The Beth Chatto Gardens are in Essex, just a few miles outside Colchester. They are open all year round (apart from two weeks between Christmas and New Year), but do check the opening times to plan your visit. It’s a 7-acre site, and a generous amount of the site is actually open to visitors without the need to pay for garden entry.
You can have a day out and enjoy the beautiful and world acclaimed gravel Garden, feast on a light lunch or enjoy refreshments in the stylish and beautiful tea rooms and indulge your passion for plants without purchasing a ticket to the main gardens. There is plenty of free car parking and even space for a coach or two. Dogs, except assistance dogs are not allowed.
Gravel garden
The gravel garden in midsummer is a delight, awash with drought resistant plants from the Mediterranean and other hot dry climates. Huge spires of yellow Verbascum bombyciferum, clumps of vibrant pink Armeria, rock rose, Phlomis, lavender, Parahebe perforata and other summer beauties creating a living tapestry of colour with a scented, ethereal aura. Poppies, grasses, agapanthus, sedums and verbenas all jostle for space in the action packed borders creating colour and interest for the summer months. Benches tucked into the curve of the borders provide plenty of resting spots for the tired and ailing and the chance to sit within the garden and really appreciate the planting and energy.
It’s alive with the buzz of insects, drinking deeply from the nectaries on the flowers. Take time to wander across the gravel walkways that lead around this area and look down to see what plants are joining the borders, by spreading stealthily through the gravel itself.
Pots of wonder
Don’t miss the planted pots and glasshouse around the tearoom and scree garden. Packed full of fabulous succulents, each one a wonderful living sculpture for the greenhouse, conservatory or summer patio. Spikey agaves, glossy heads of aeoniums and a fantastic array of exotic looking echeverias, one Echeveria ‘Mauna Loa’ is a little bit reminiscent of the Star Trek Klingons with its rather warty, frilly leaves. If you are on a budget, keep your wallet under lock and key as I guarantee you will be enticed to part with your hard earned cash if you have even the slightest interest in plants.
The plant nursery is a sweetshop for plant lovers, packed full of beautiful garden delights, all labeled and presented to lure you to temptation. I couldn’t resist and left with a box full of fabulous, healthy plants to restock my glasshouse and garden. I defy anyone to linger bear the display of houseleeks and not leave with at least a pot of these fascinating little plants. I succumbed to that as well.
Water garden
Entry into the main gardens costs £6.95 and allows you access to the reservoir garden, the water garden and the woodland garden.
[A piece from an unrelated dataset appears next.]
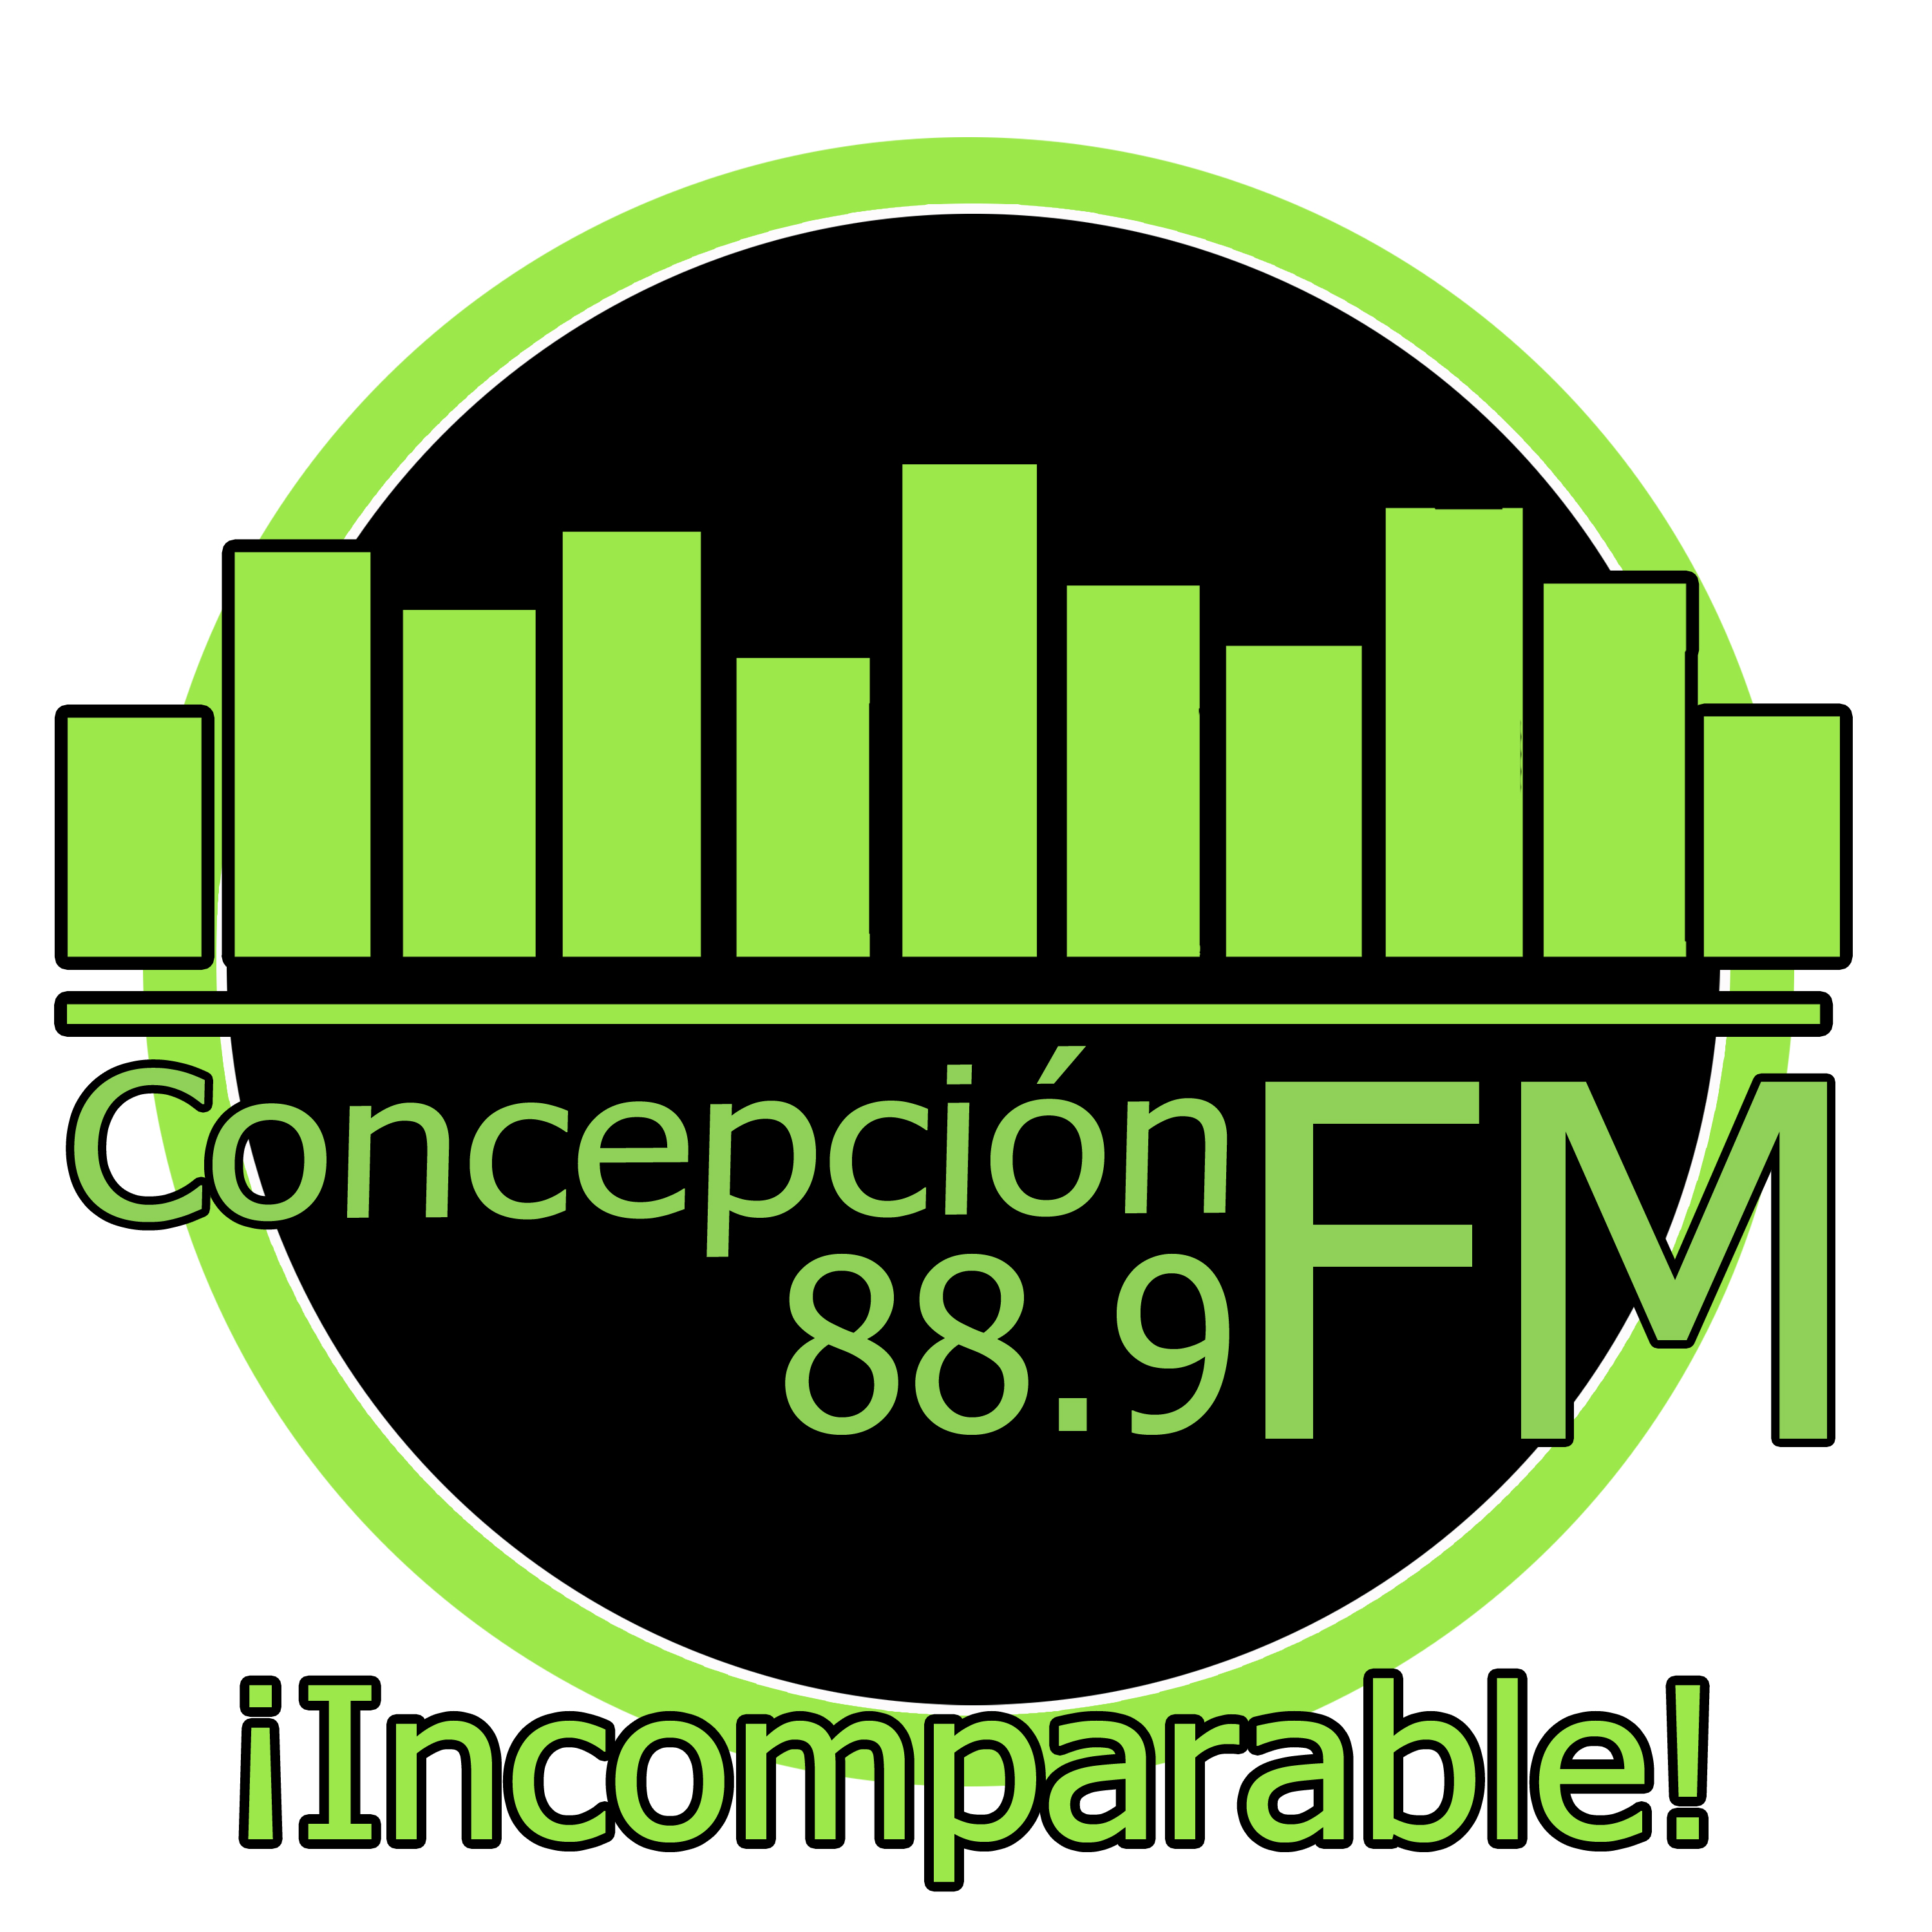 Concepción FM 88.9
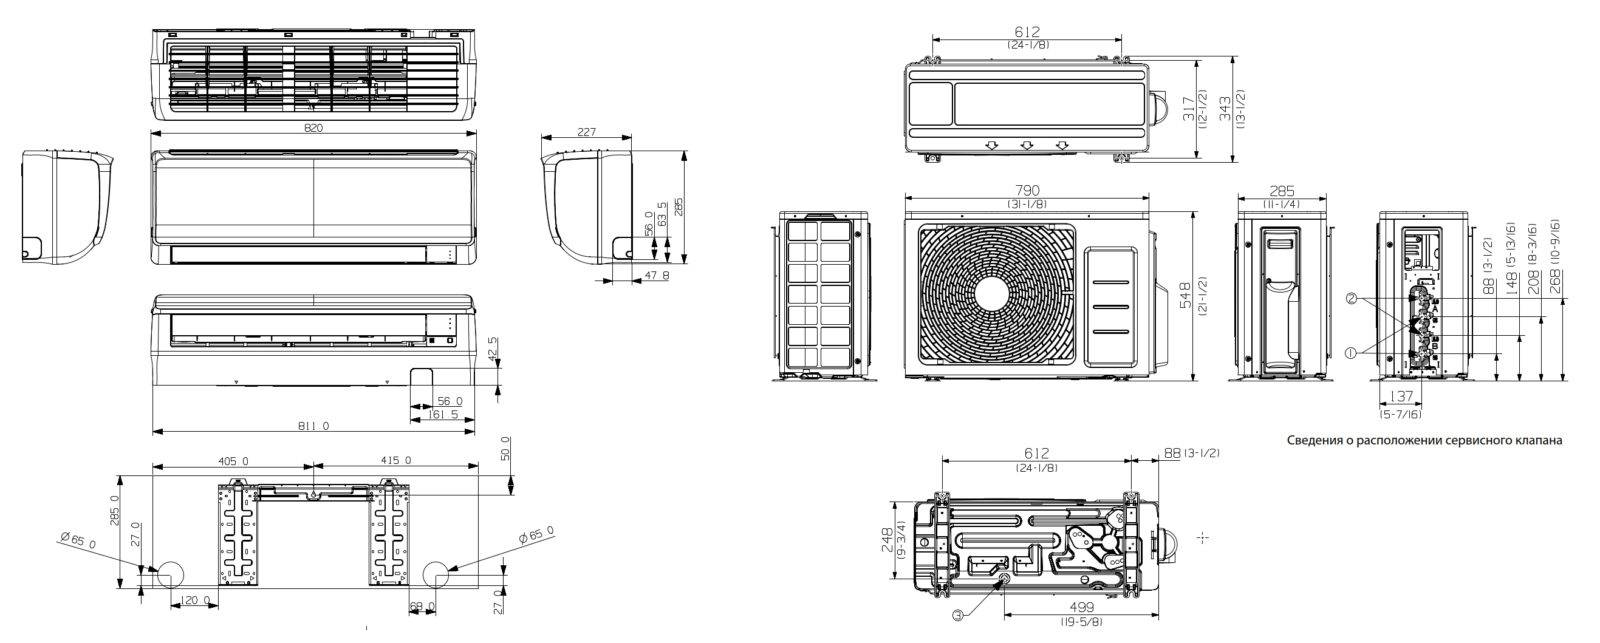 Типы кондиционеров – кассетные и канальные кондиционеры, настенные сплит системы и мульти сплит системы, кондиционеры канального и кассетного типа

It’s a stark and very lush contrast with the scree and gravel garden with four shaped ponds at its heart and plenty of marginal and bog loving plants such as primulas, astilbes and rodgersia enjoying the benefits of the adjacent water and some very dramatic specimen trees.
Dodging a few rain showers and with a long drive ahead we were lured back to the tearooms for a cuppa and a last visit to the plant nursery and shop before we left. It was well worth the extensive detour and a fabulous day out. If you are in the area do check it out and if you know any other lovely gardens in the area to visit then let us know.